Motorola will shut down its Iridium network of more than 60 satellites if a qualified buyer is not found by March 17. Iridium, LLC is in chapter 11 bankruptcy protection.

On the wired side of data connections, Motorola has received CableLabs DOCSIS certification for its DM100 and PL100 cable modems. The PL 100 is a multi-user cable modem which can connect to computers via Ethernet, USB, or HomePNA, and all three options can be used simultaneously.

ISP news

NetCompeteNow is a coalition of companies fighting against open cable access.

Shares of Juno jumped after receiving a buy rating from Jeffries and Co. and launching high-speed access in New York.

CoreComm is buying ISP Voyager.net's operations and 360,000 customers for $540 million in stock and cash.

Excite@Home continues to have email problems, with some mail being lost or undelivered. The company has plans to upgrade its email system in August.

Covad Communications will provide DSL for Prodigy customers. Rollout will begin in April for some Prodigy service areas.

Computer security and privacy

Former CIA director James Woolsey stated that the US engages in economic espionage against European countries, though he claimed that the spying was primarily to counteract bribery.

A two-year old hole in Microsoft IIS allows snoopers to gather credit card and other information from sites that haven't patched their systems. A hacker named Curador has used this and other holes in Windows NT hosting systems to make a name for himself by posting stolen credit card information.

Last week a scandal erupted at MIT when it was announced that someone had broken into a computer and changed 20 grades in a biology class, raising two students' grades, and lowering 20 others. In a reversal, biology professor Harvey Lodish now says that the changed grades were a result of incorrectly sorting the grades in a spreadsheet.

Some innocuous-looking HTML code can cause IE 5.0 to use 100% of CPU cycles.


Friday, March 17

Today is Saint Patrick's Day. It's also the deadline for a buyer to step forward to purchase bankrupt satellite phone company Iridium. What will happen if no one buys the company? Iridium will bring its 66 satellites out of orbit, allowing $5 billion in spacecraft to burn up in the atmosphere.

A researcher at the University of North Carolina at Chapel Hill has found a relationship between exposure to extremely low frequency electromagnetic radiation and suicide rates.

If you have Windows 2000, don't install any version of IE earlier than 5.01, or you could be locked out of your computer.

A shortage of LCD-related components could affect cell phone supply and pricing.
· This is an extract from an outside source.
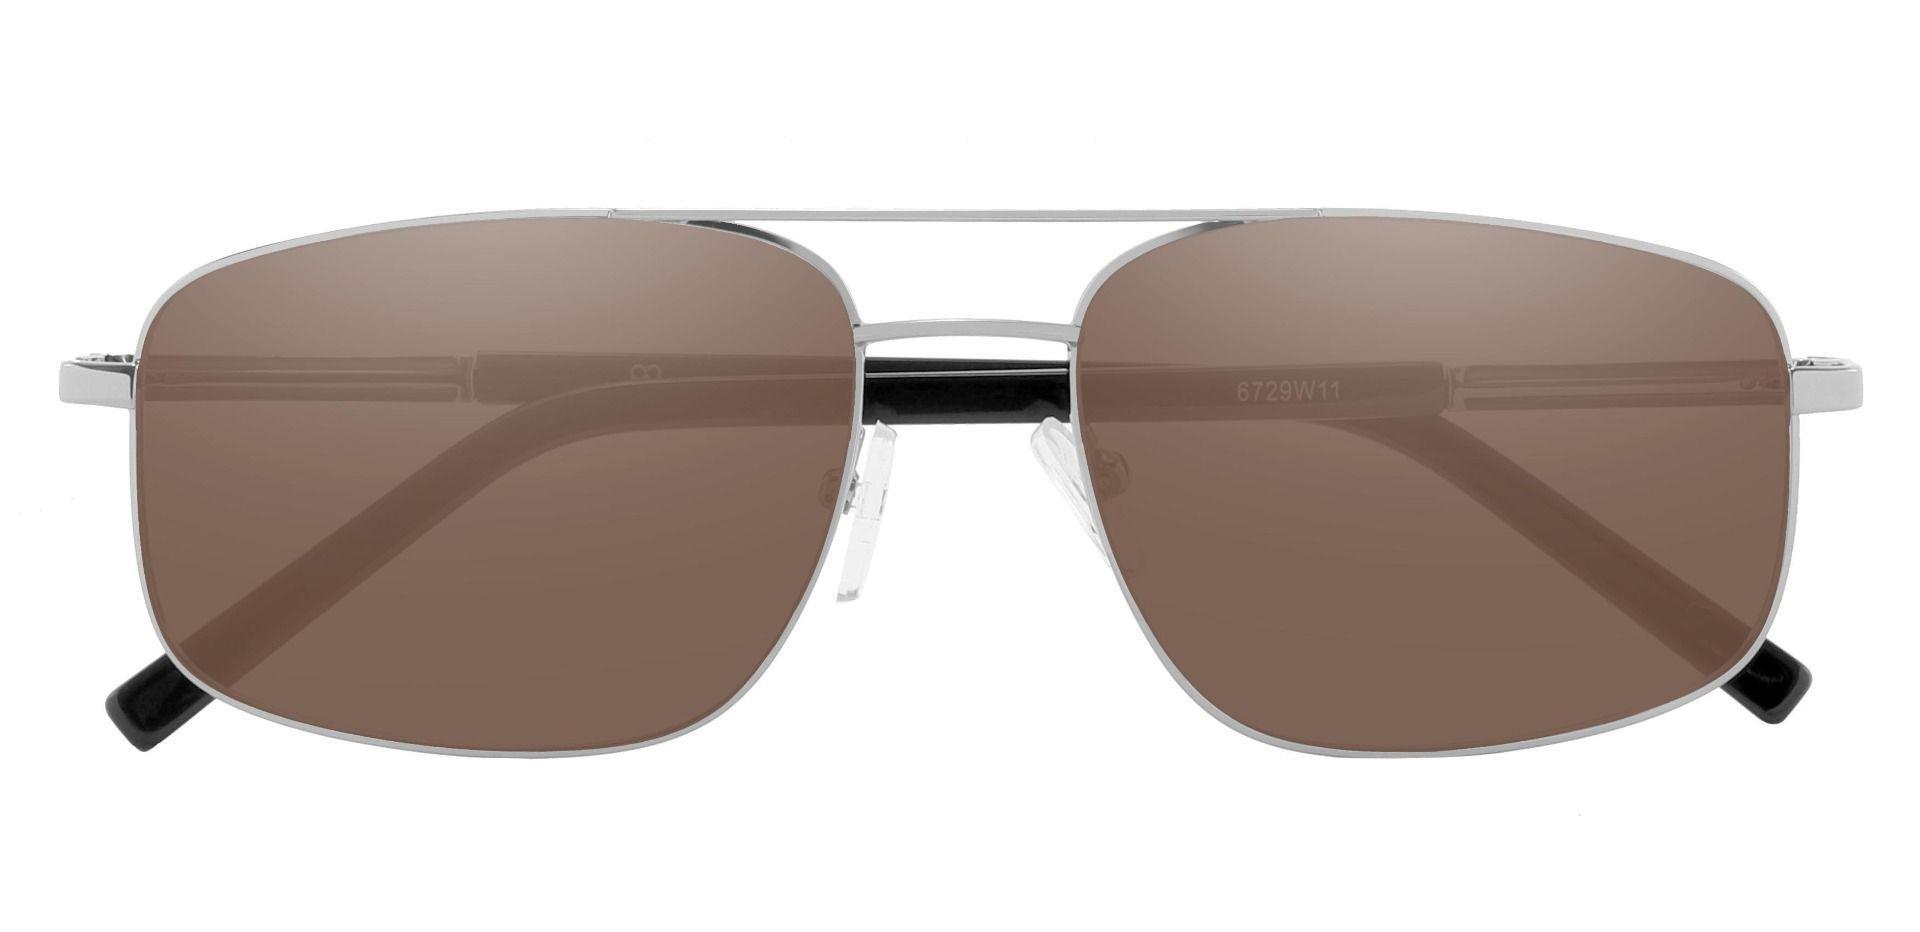 Davenport Aviator Prescription Sunglasses - Silver Frame With Brown Lenses

Computer security and privacy

In the largest credit card heist to date, 485,000 credit cards were stolen, then stored on government computers.

MSNBC examines the stolen credit card market and looks at business interest in better credit card security and credit card alternatives.

Mattel - makers of Barbie, Ken and CyberPatrol - is suing two programmers who reverse-engineered the encryption in CyberPatrol, allowing people to see what sites were blocked.

A Washington state judge struck down the state's anti-spam law, ruling that it violated the interstate commerce clause of the Constitution.